Only the pictures are to be left out; please reproduce everything else in the data exactly.

*Stored data:*
----------------------------------------
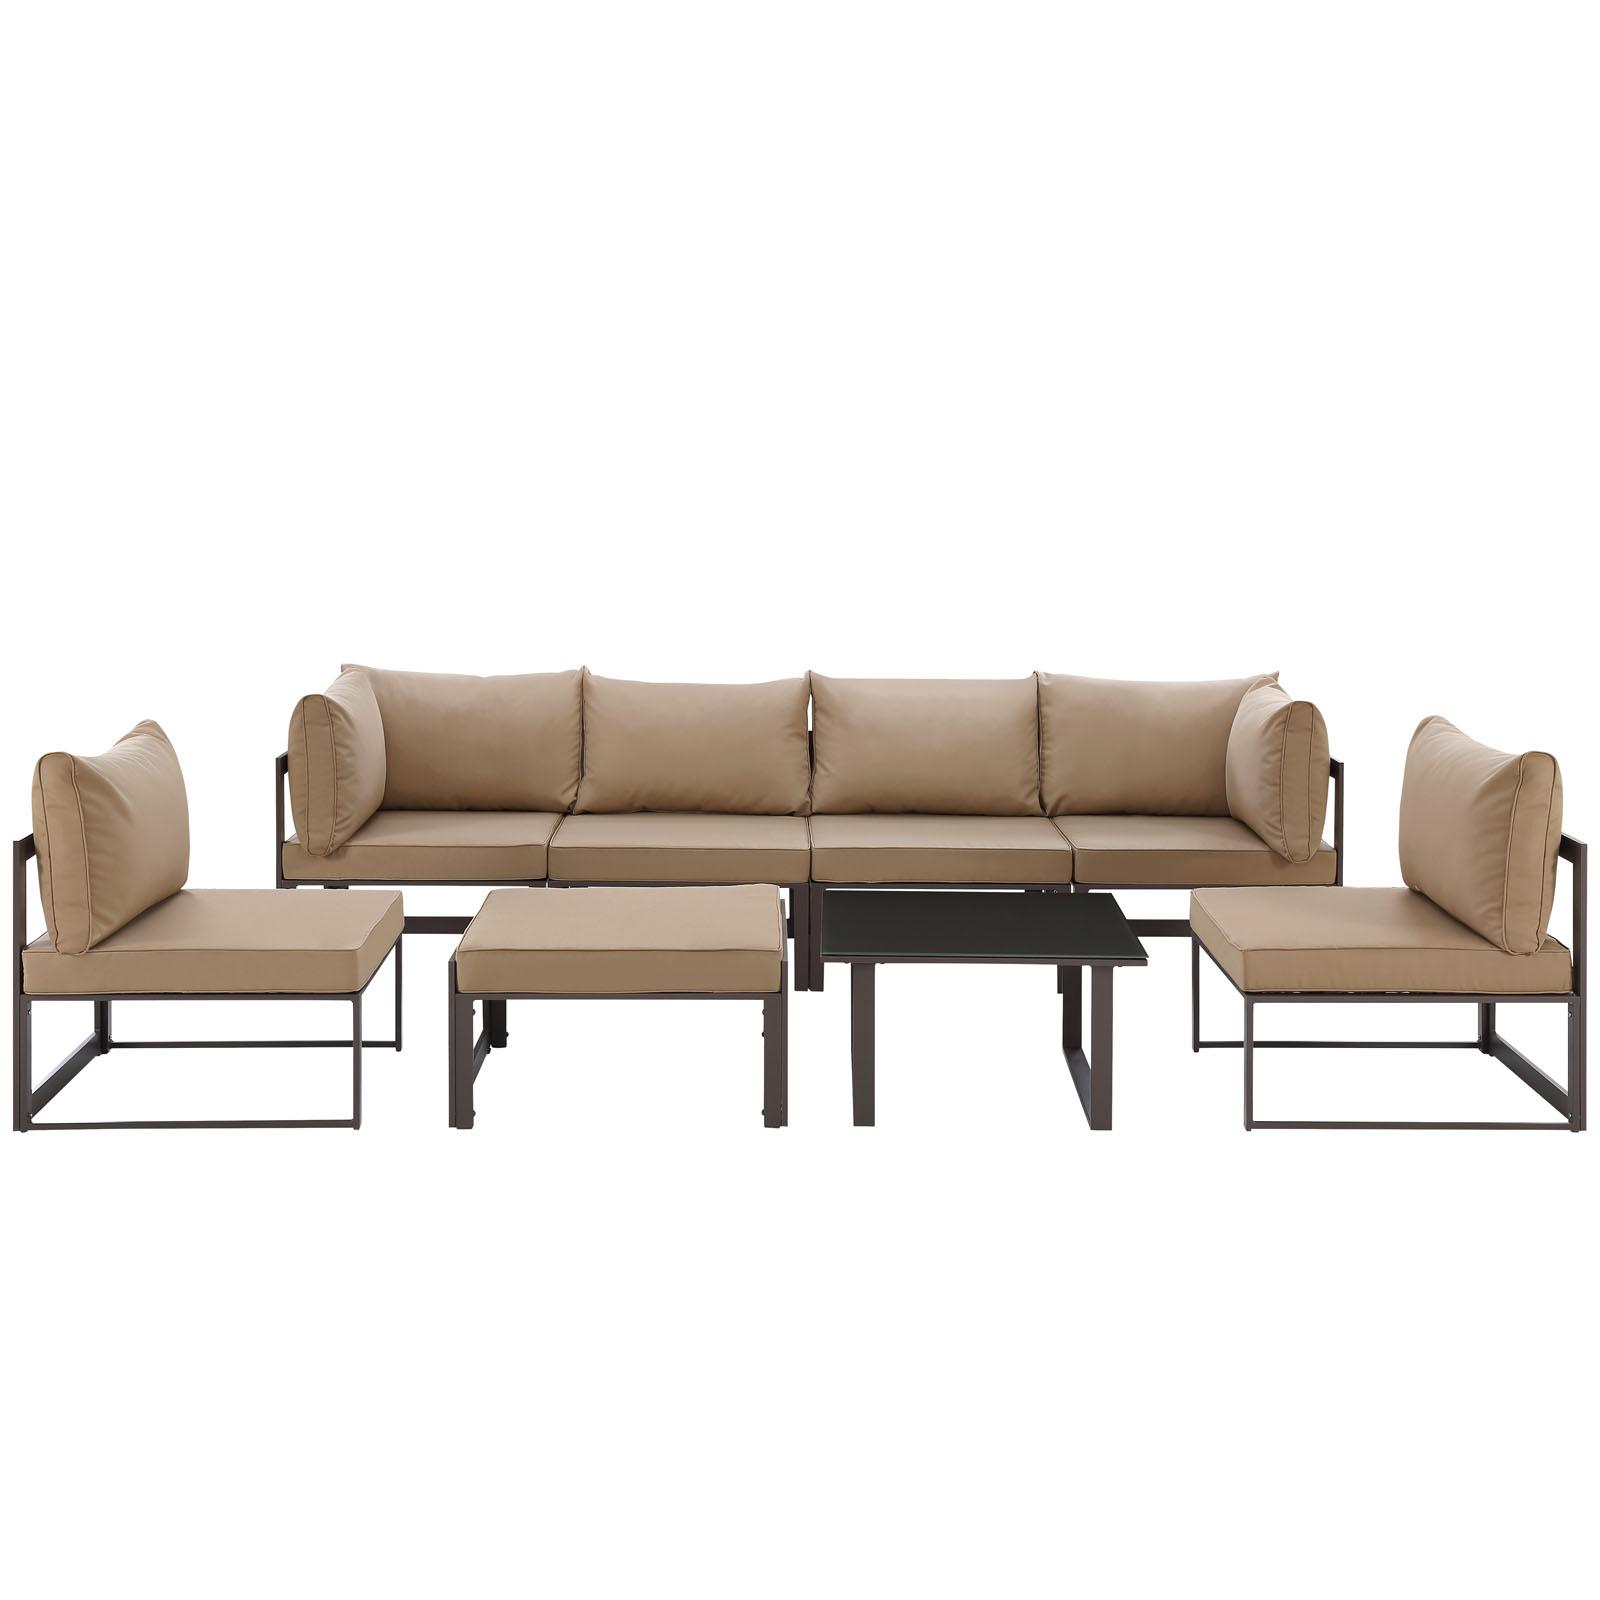 Lexmod Fortuna 8 Piece Outdoor Patio Sectional Sofa Set by OJ
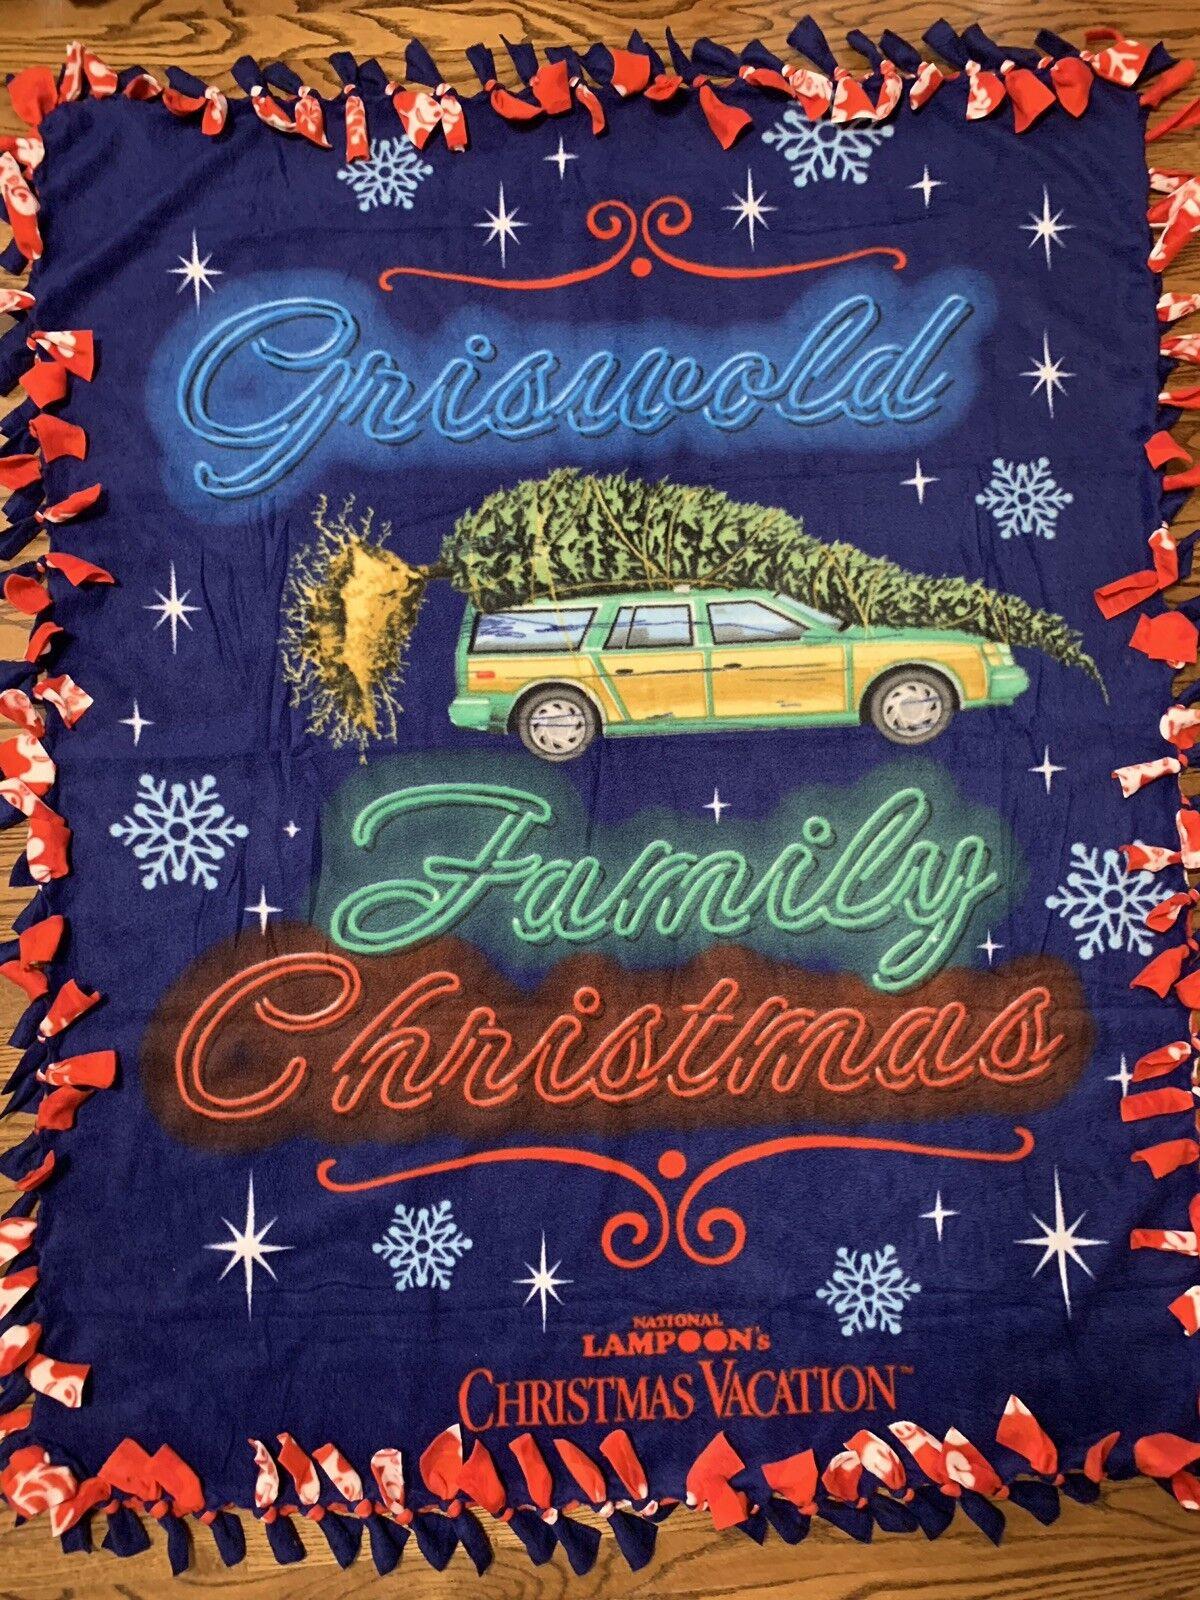 National Lampoons Christmas Vacation Fleece Tie Blanket
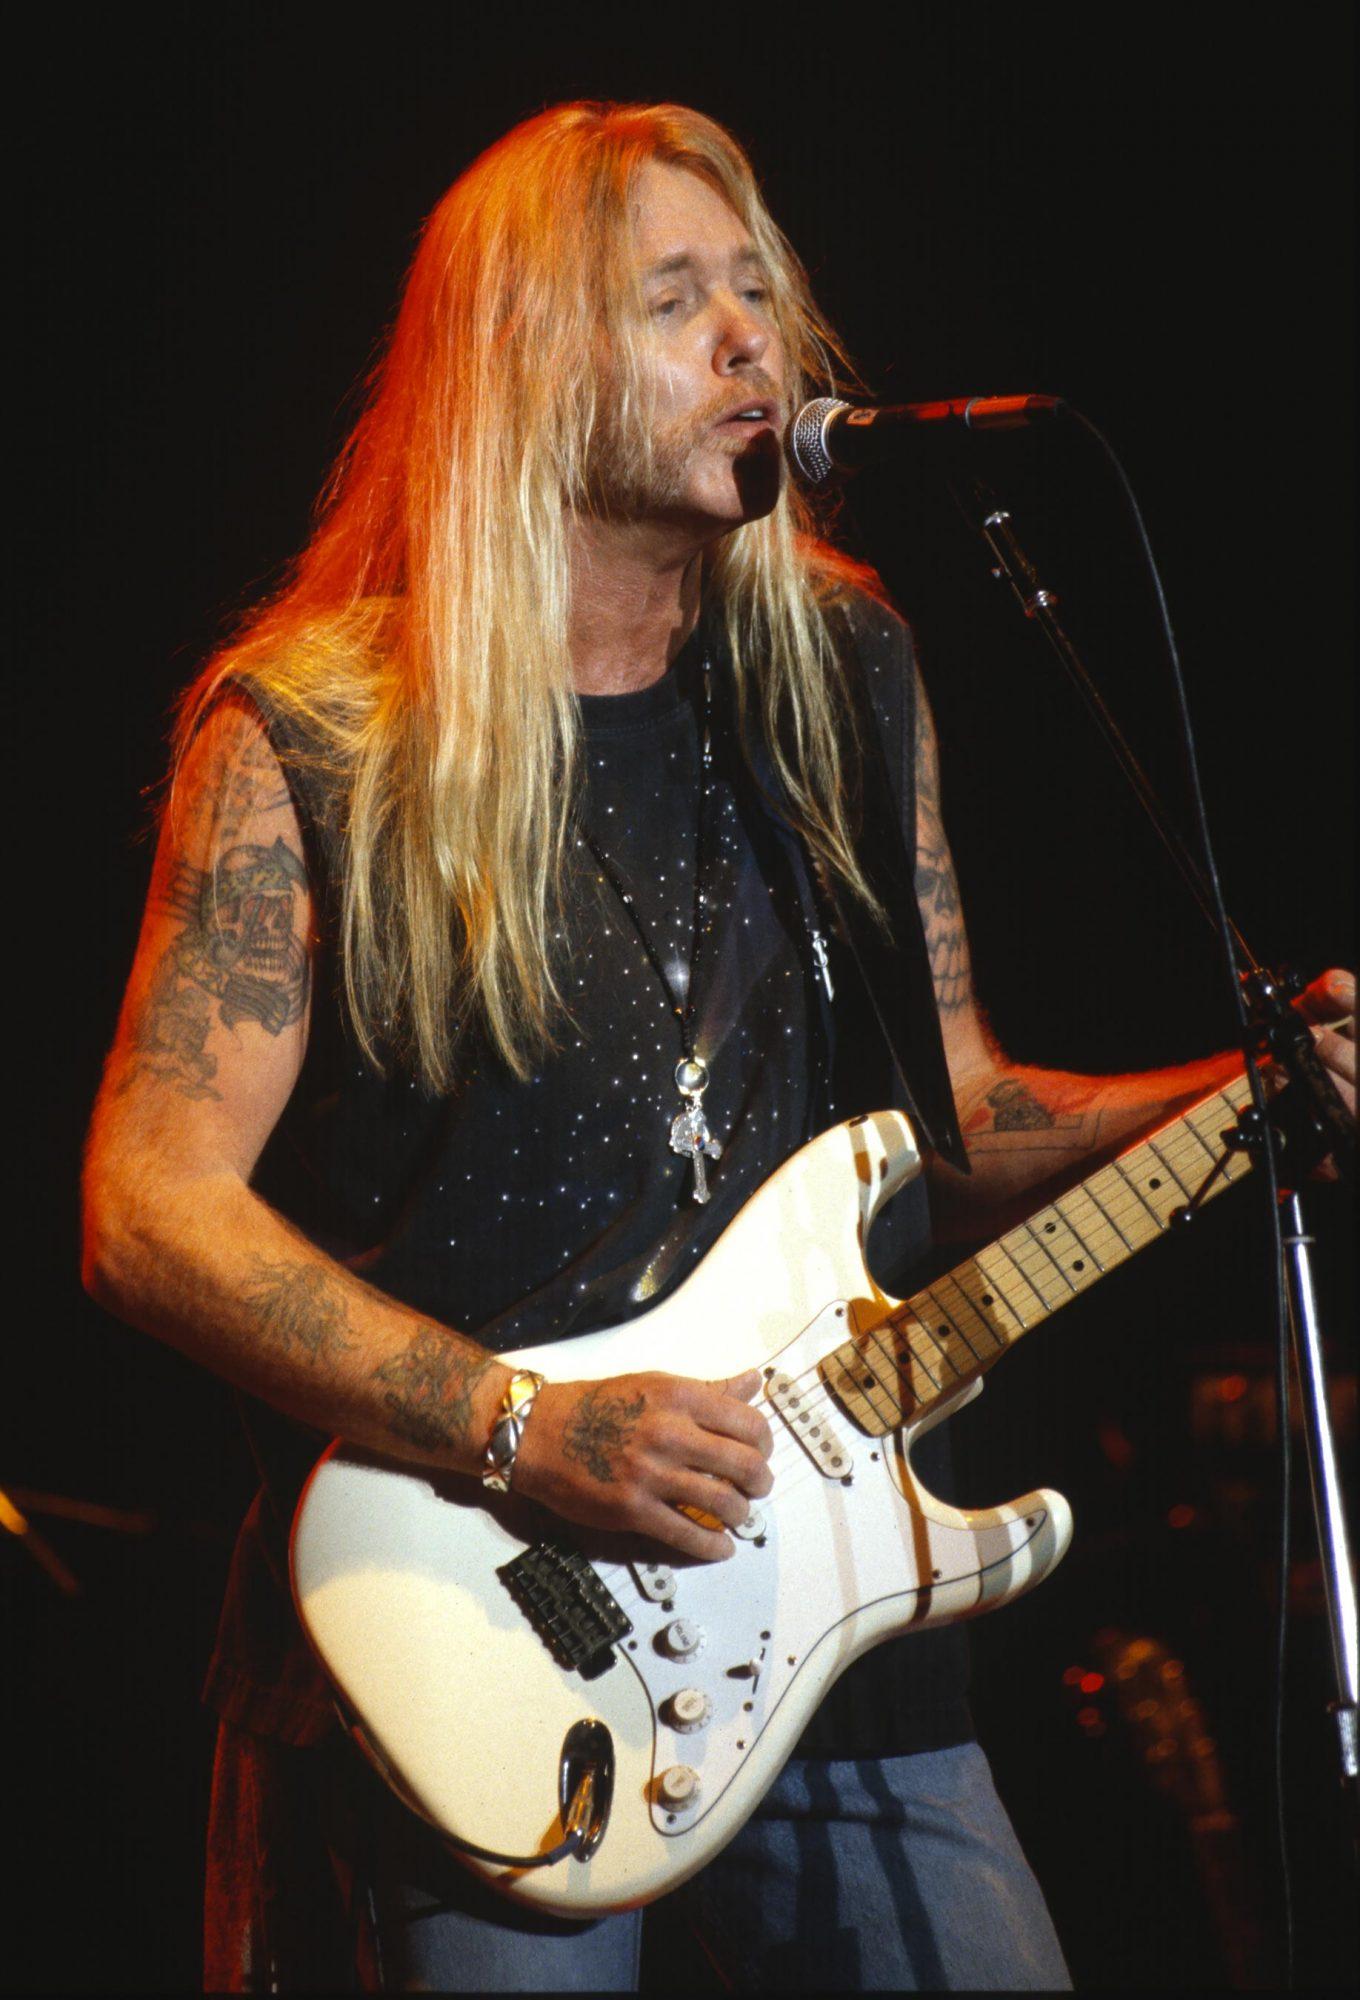 South Bay Blues Awards 1995 - San Jose CA
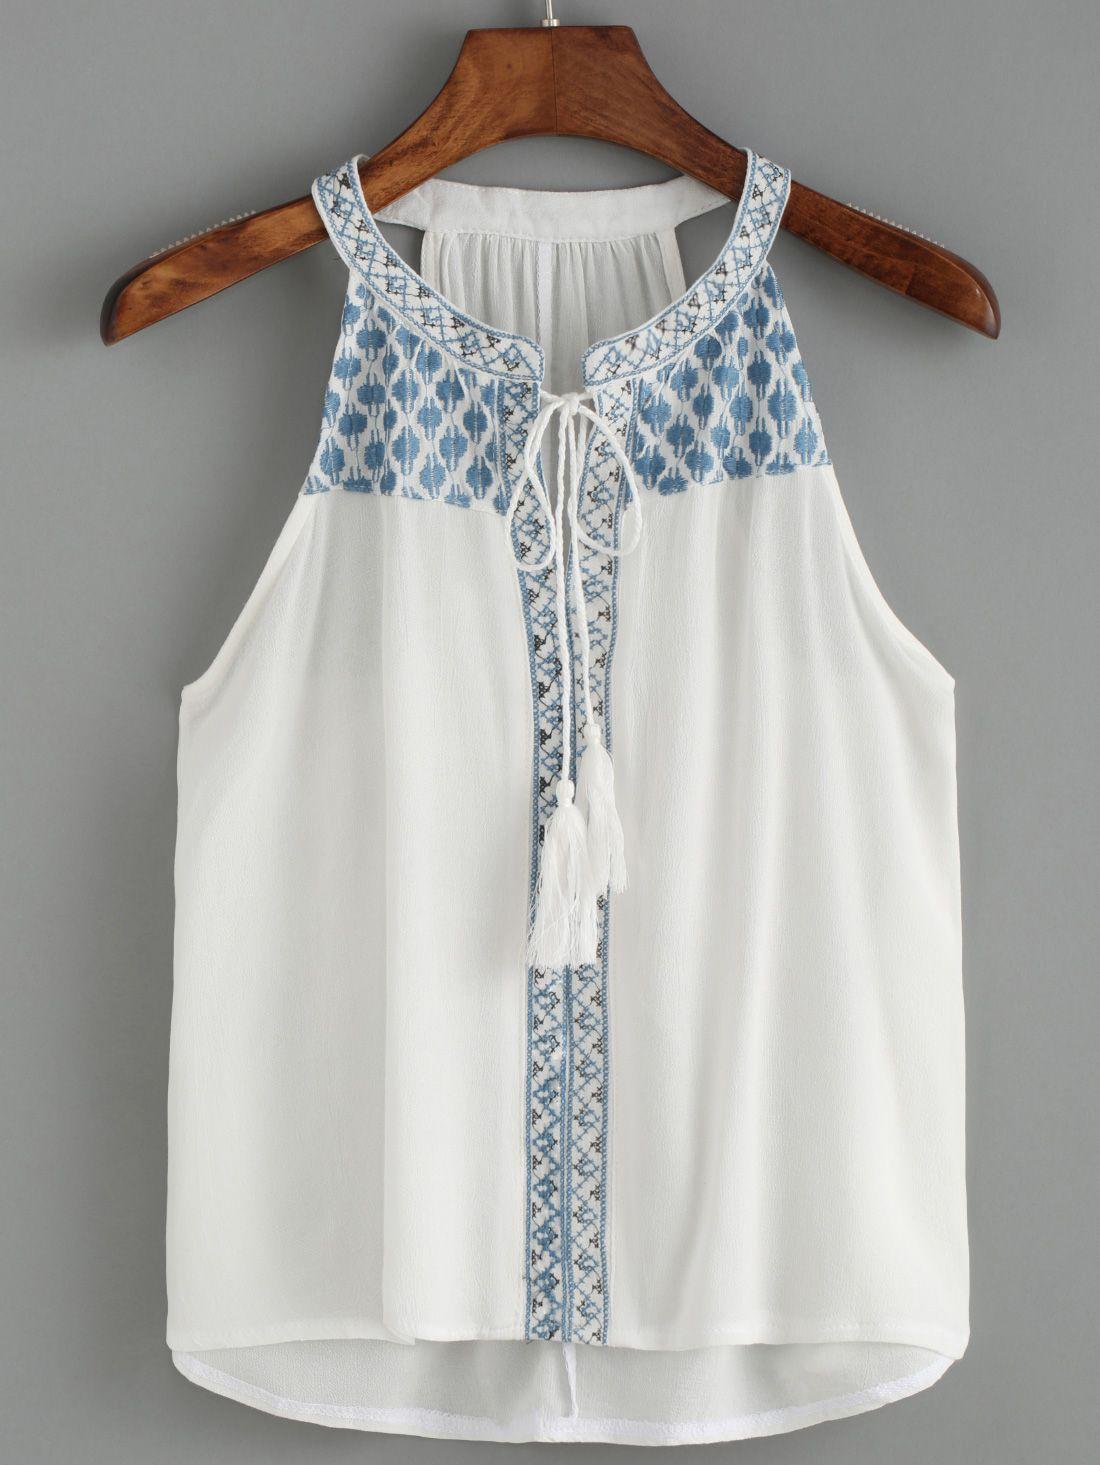 Halter Embroidered White Tank Top | customizar/ blusas verano ...
----------------------------------------
*Answer to this exercise:*
 Lexmod Fortuna 8 Piece Outdoor Patio Sectional Sofa Set by OJ
 National Lampoons Christmas Vacation Fleece Tie Blanket
 South Bay Blues Awards 1995 - San Jose CA
 Halter Embroidered White Tank Top | customizar/ blusas verano ...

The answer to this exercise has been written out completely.